When we first moved up to the cottage it was just once in a while, every couple of weeks, maybe less, maybe more, at first he went down to his guy for a bag, but after a while even that stopped, and by the time that pain set in, it had been almost two years since, he was clean, eating well, and he was in pain and no one could say exactly why, until he turned yellow when a bile duct had become blocked by the tumour, and the truth was revealed.
I was there with him when Dr. McAllister, with no sugar-coating, bluntly proclaimed Tim, you have Pancreatic Cancer, it wasn’t a surprise, not to me, just a confirmation, and of where and what its name was.
That’s really when he started his long fight, that day, there in the hospital as we found out, and our overnight stay was turned into more like 3 weeks, cause they were not messing around and it was coming out.
So with the clothes on our back, and just another set in a bag, it all began, and sort of maybe foreshadowed how it all went down, with no sugar-coating, and all at once, and everything just happened, rides, time, appointments, death.

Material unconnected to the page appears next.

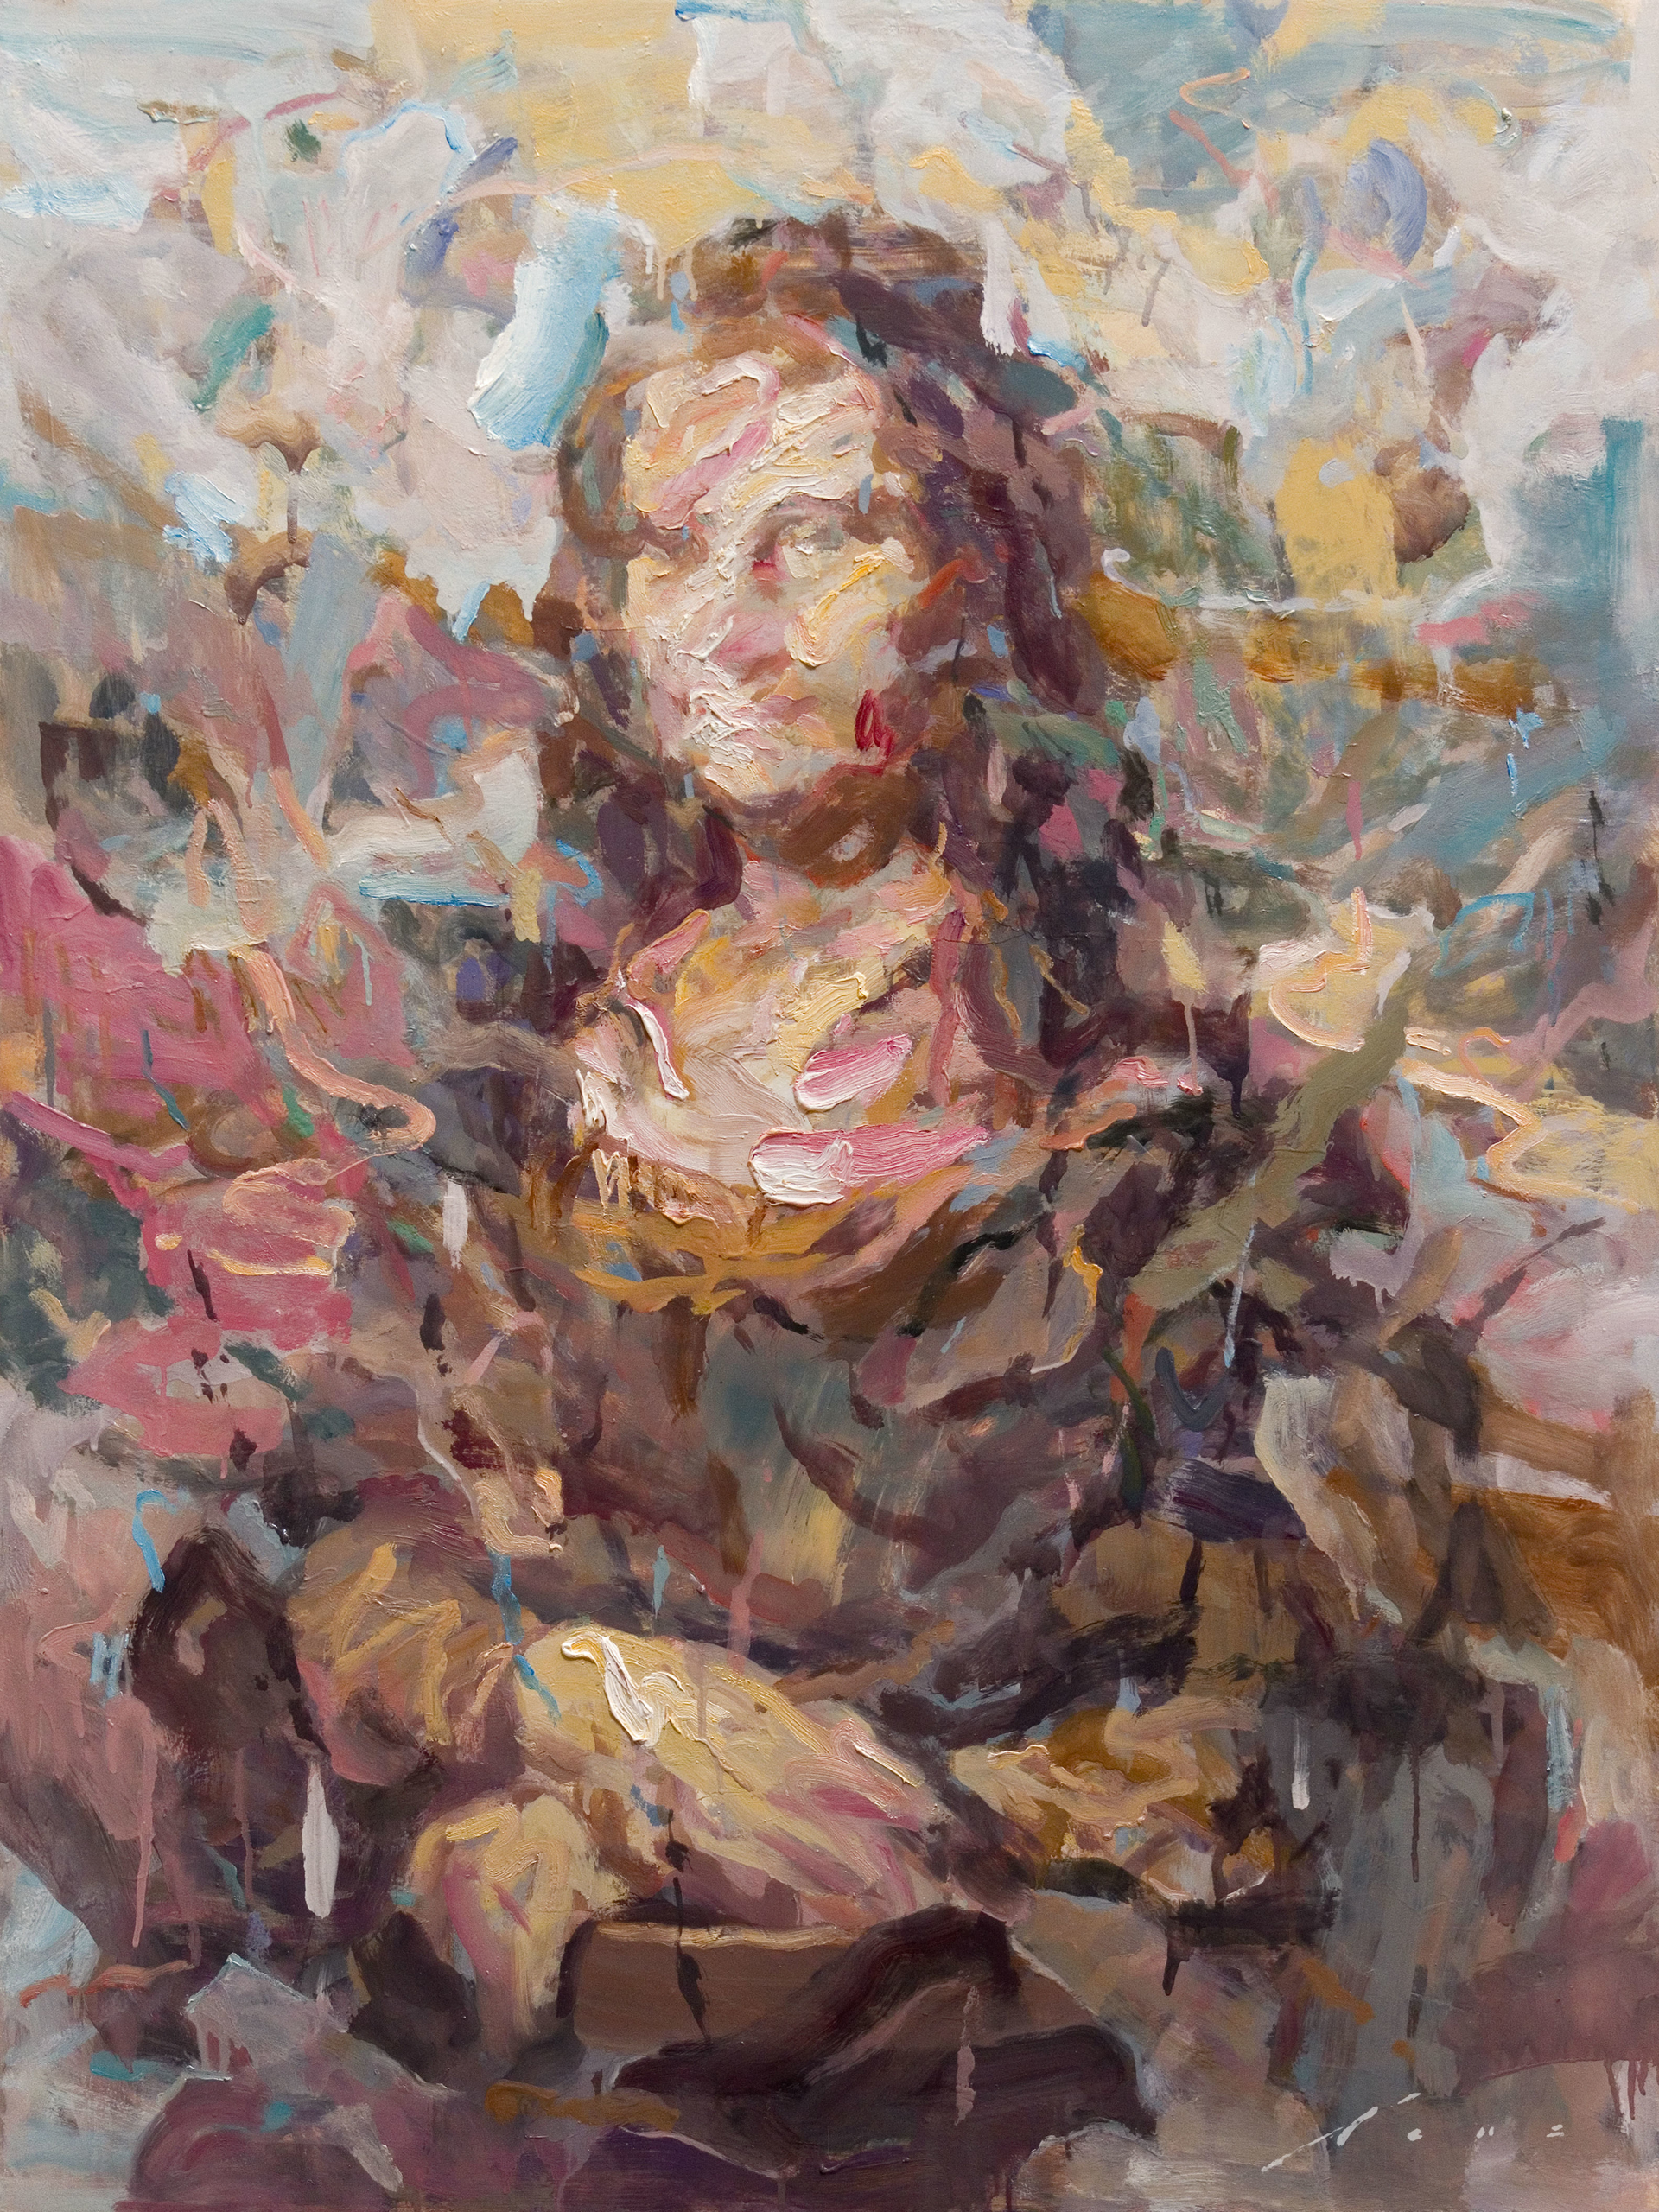 Mona 1 by Vincent Xeus

And god help me, he fought.
So when the minister from Tim’s Dad’s church asked me if I’d like to write something for her to say at the service at the church, about Tim, and it was a poem I’d read long ago in High School that kept turning around in my mind, the lines I repeated again and again in my mind – rage, rage against the dying of the light – by Dylan Thomas.
And it’s these lines in particular that will always remind me of him, and how he fought, and how fragile life can be, how brutal with the truth, and with no compassion. So I suppose, in the end, the empathy is up to us to find inside ourselves, and maybe some forgiveness.
Wild men who caught and sang the sun in flight,
And learn, too late, they grieved it on its way,
Do not go gentle into that good night.
Grave men, near death, who see with blinding sight
Blind eyes could blaze like meteors and be gay,
Rage, rage against the dying of the light.